Port ranges - restricting opening and closing ranges
Gustavo Niemeyer
gustavo at niemeyer.net
Wed Aug 6 12:57:28 UTC 2014
Why would any application well designed open thousands of ports
individually rather than a range? Sounds like an unreasonable use case.
I also don't get your point about concurrency. You don't seem to have
addressed the point I brought up that opening or closing ports concurrently
today already presents undefined behavior.
gustavo @ http://niemeyer.net
On Aug 6, 2014 2:53 PM, "roger peppe" <roger.peppe at canonical.com> wrote:
> On 6 August 2014 10:32, Gustavo Niemeyer <gustavo at niemeyer.net> wrote:
> > How many port ranges are typically made available? One.. Two? Sounds
> like a
> > trivial problem.
>
> Some applications might open thousands of individual ports.

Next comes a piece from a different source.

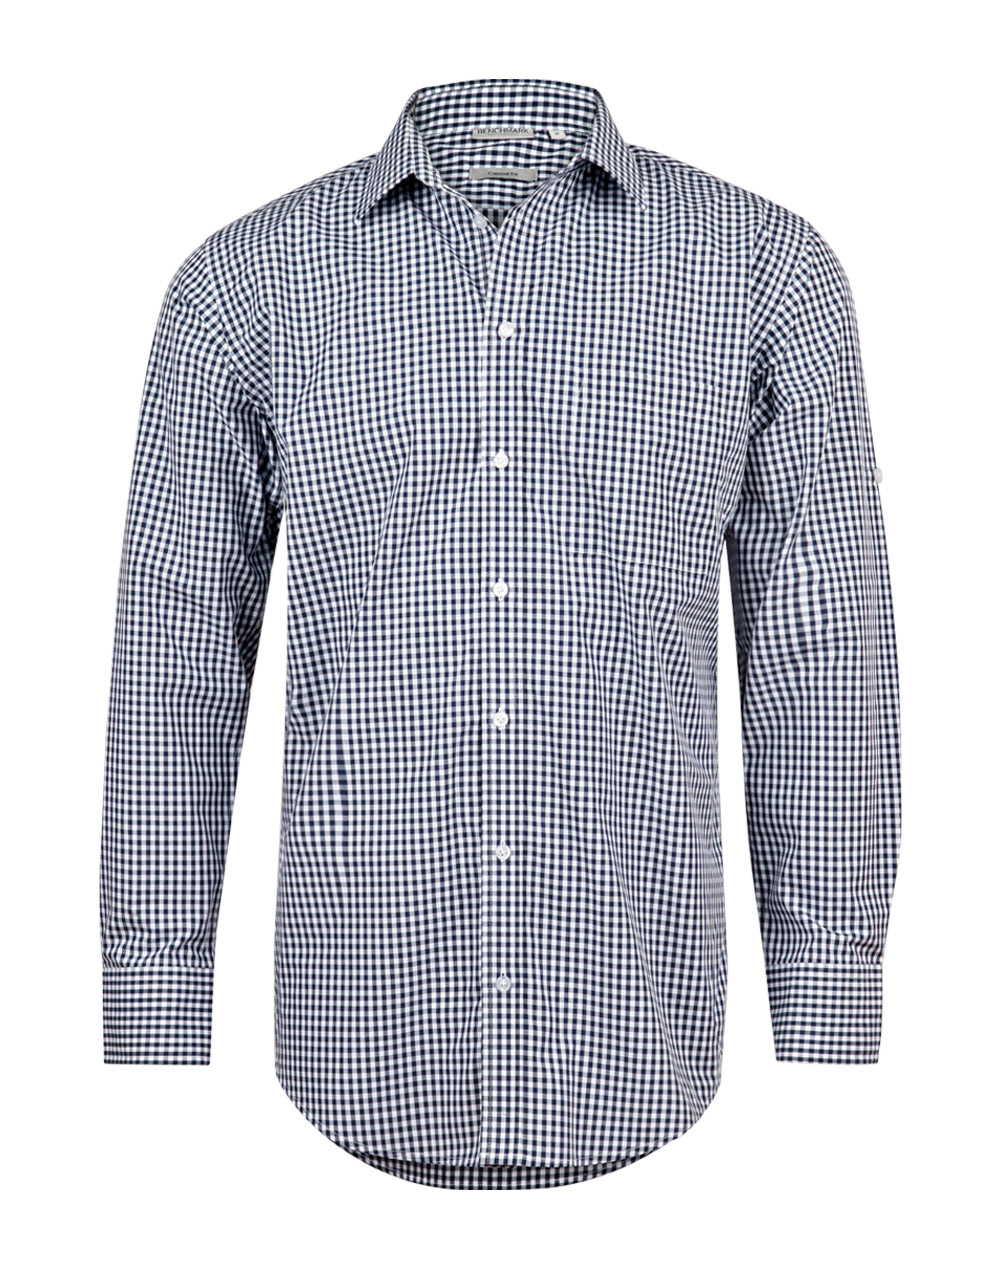 M7300L/M7300S  Men’s Gingham Check Long Sleeve Shirt With Roll-Up Tab Sleeve
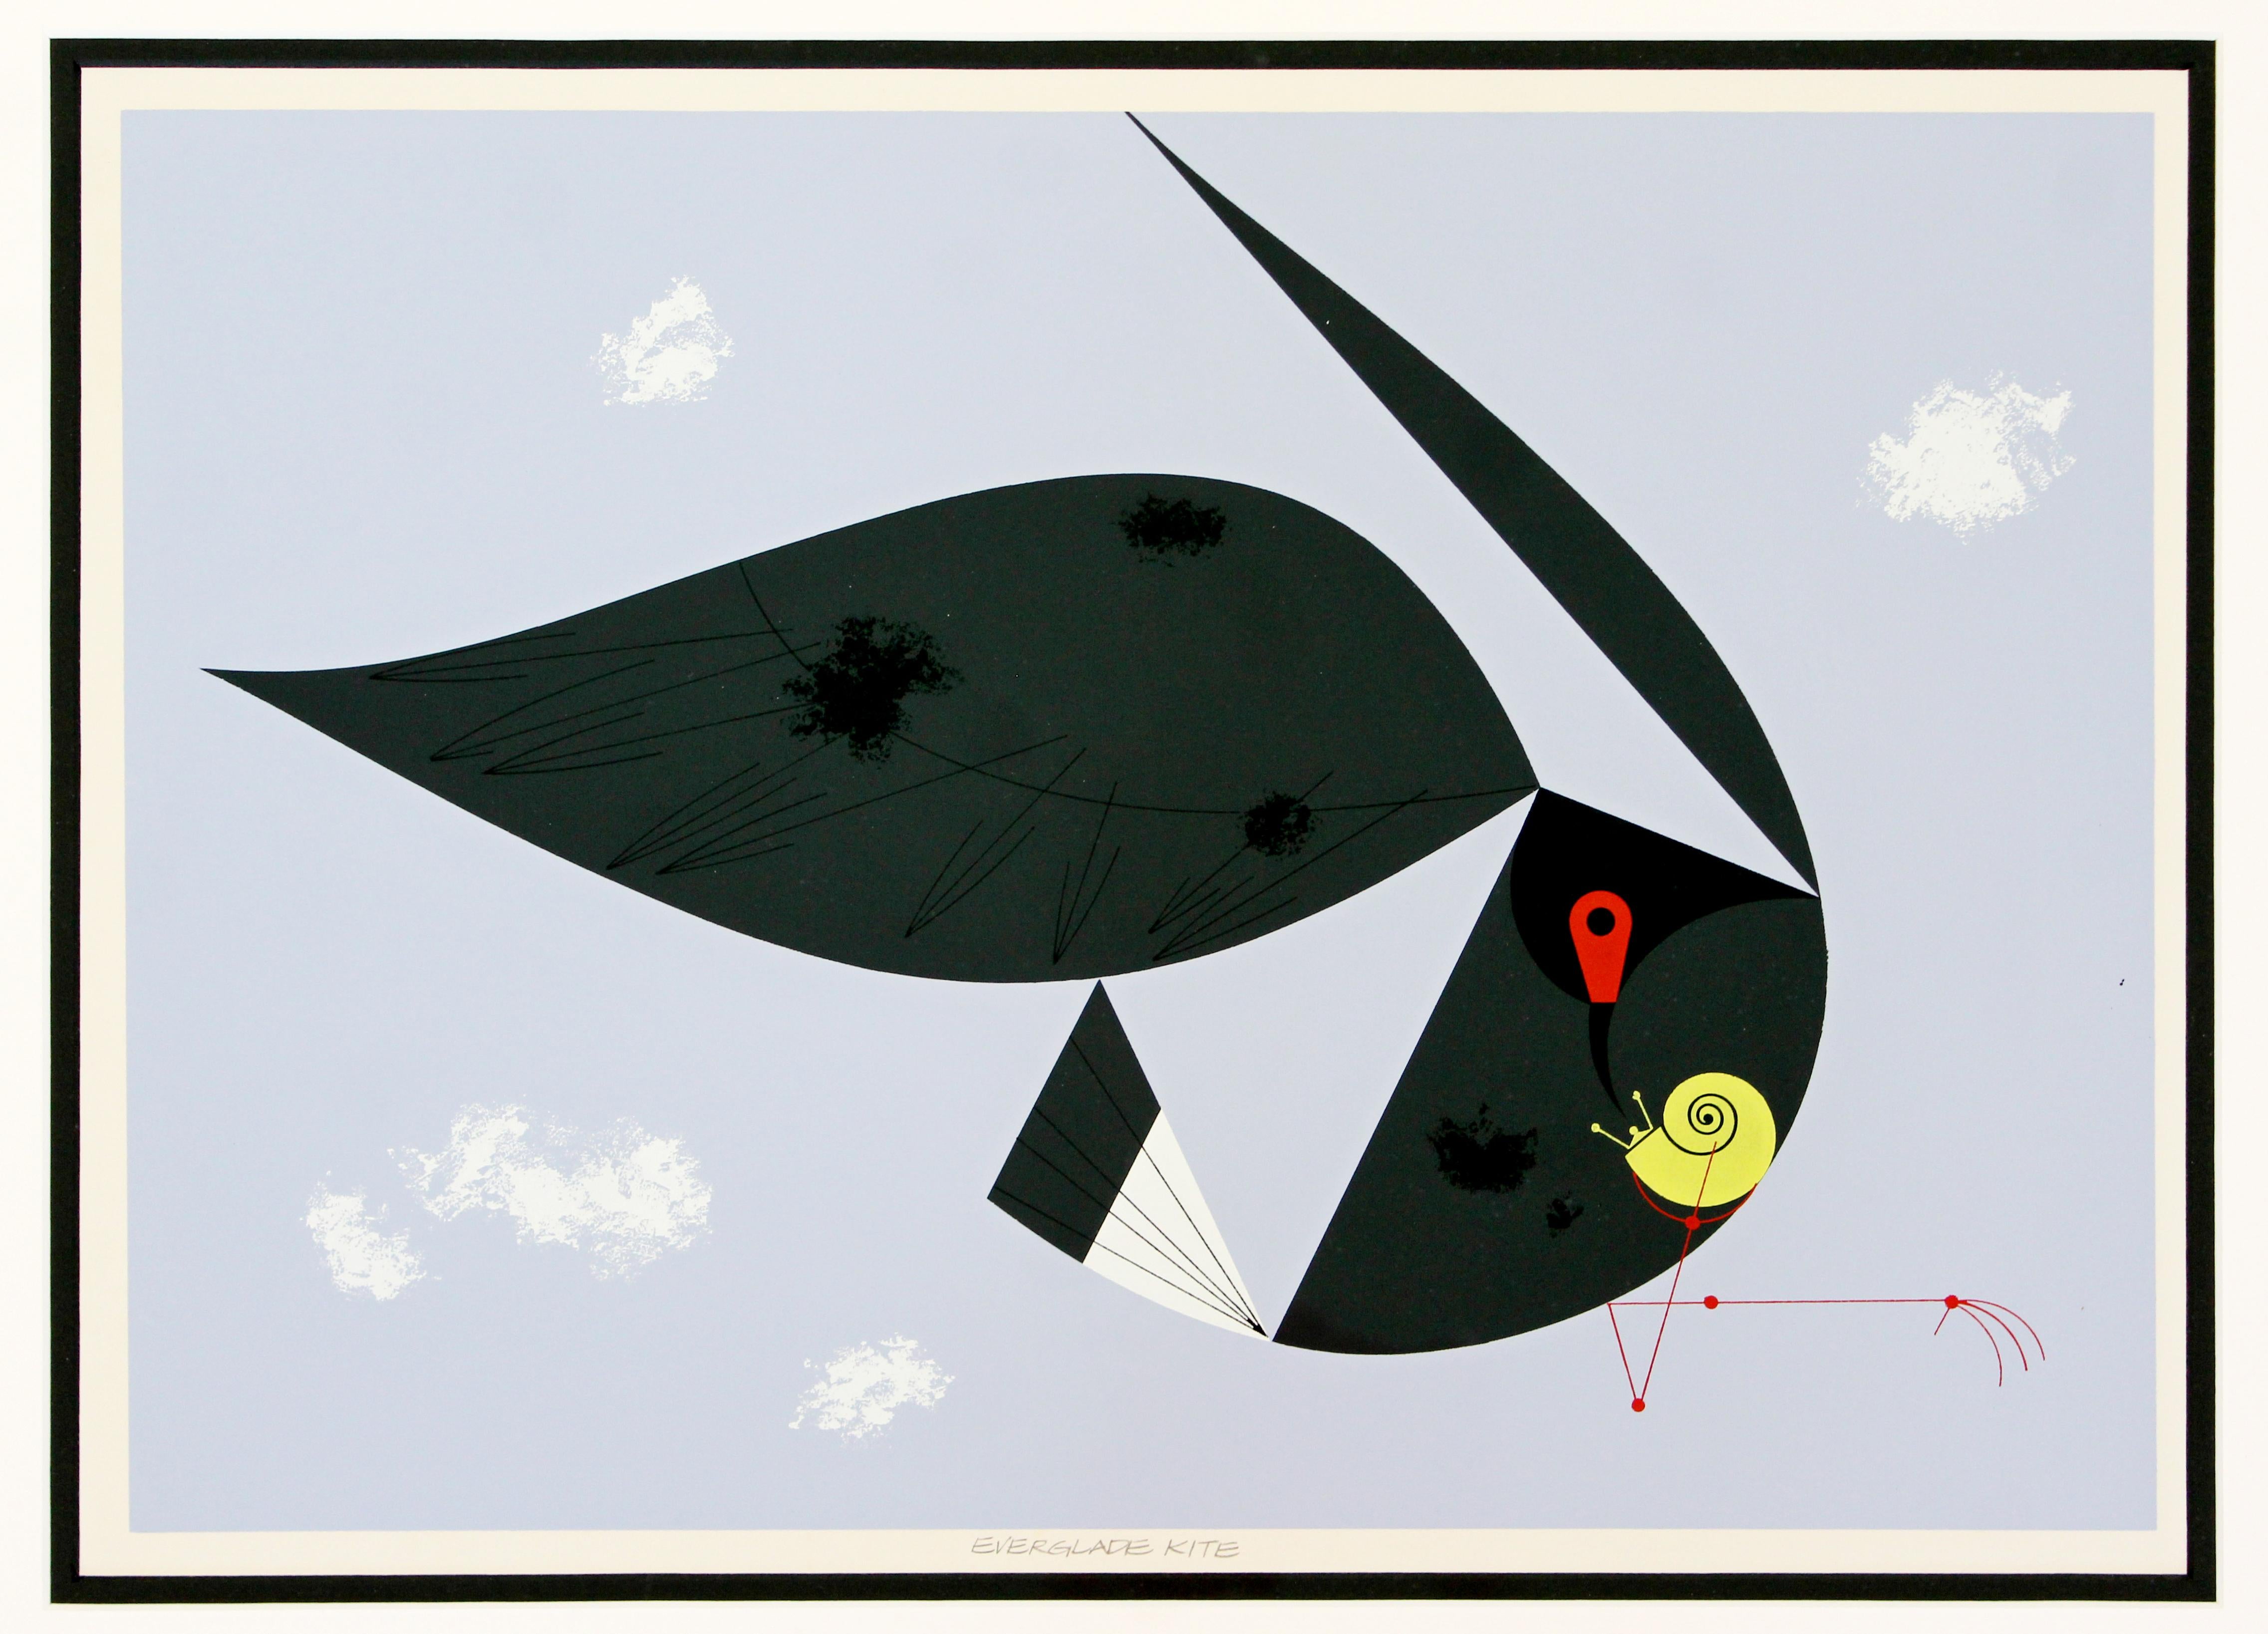 For your consideration is a lovely, framed, estate stamped, limited edition of 100 Charley Harper

> It would be nice if it worked well in that case too.
>
> > In terms of concurrency, there are issues either way. Someone can open a
> > port while it is being closed, and whether that works or not depends
> purely
> > on timing.
>
> When we've got several units sharing a port space, we'll want to
> keep a unique owner for each port range. That's trivial if the
> reference can be keyed by the port range, but not
> as straightforward if the lookup is two-phase.
>
> What we don't want is two units in the same machine to be
> able to have the same port open at the same time. I suppose
> we could rely on the fact that hooks do not execute simultaneously,
> but it would be preferable in my view to keep those
> concerns separate.
>
> In my view, "always close the range you've opened" is an easy
> to explain rule, and makes quite a few things simpler,
> without being overly restrictive.
>
> > gustavo @ http://niemeyer.net
> >
> > On Aug 6, 2014 9:41 AM, "roger peppe" <roger.peppe at canonical.com> wrote:
> >>
> >> On 5 August 2014 19:34, Gustavo Niemeyer <gustavo at niemeyer.net> wrote:
> >> > On Tue, Aug 5, 2014 at 4:18 PM, roger peppe <rogpeppe at gmail.com>
> wrote:
> >> >> close ports 80-110 -> error (mismatched port range?)
> >> >
> >> > I'd expect ports to be closed here, and also on 0-65536.
> >>
> >> I'm not sure. An advantage of requiring that exactly the
> >> same ports must be closed as were opened, you can use the port range
> >> as a key, which makes for a very simple (and trivially concurrent-safe)
> >> implementation in a mongo collection.
> >>
> >> I'd suggest that this compromise is worth it. We could always make an
> >> initial
> >> special case for 0-65535 too, if desired.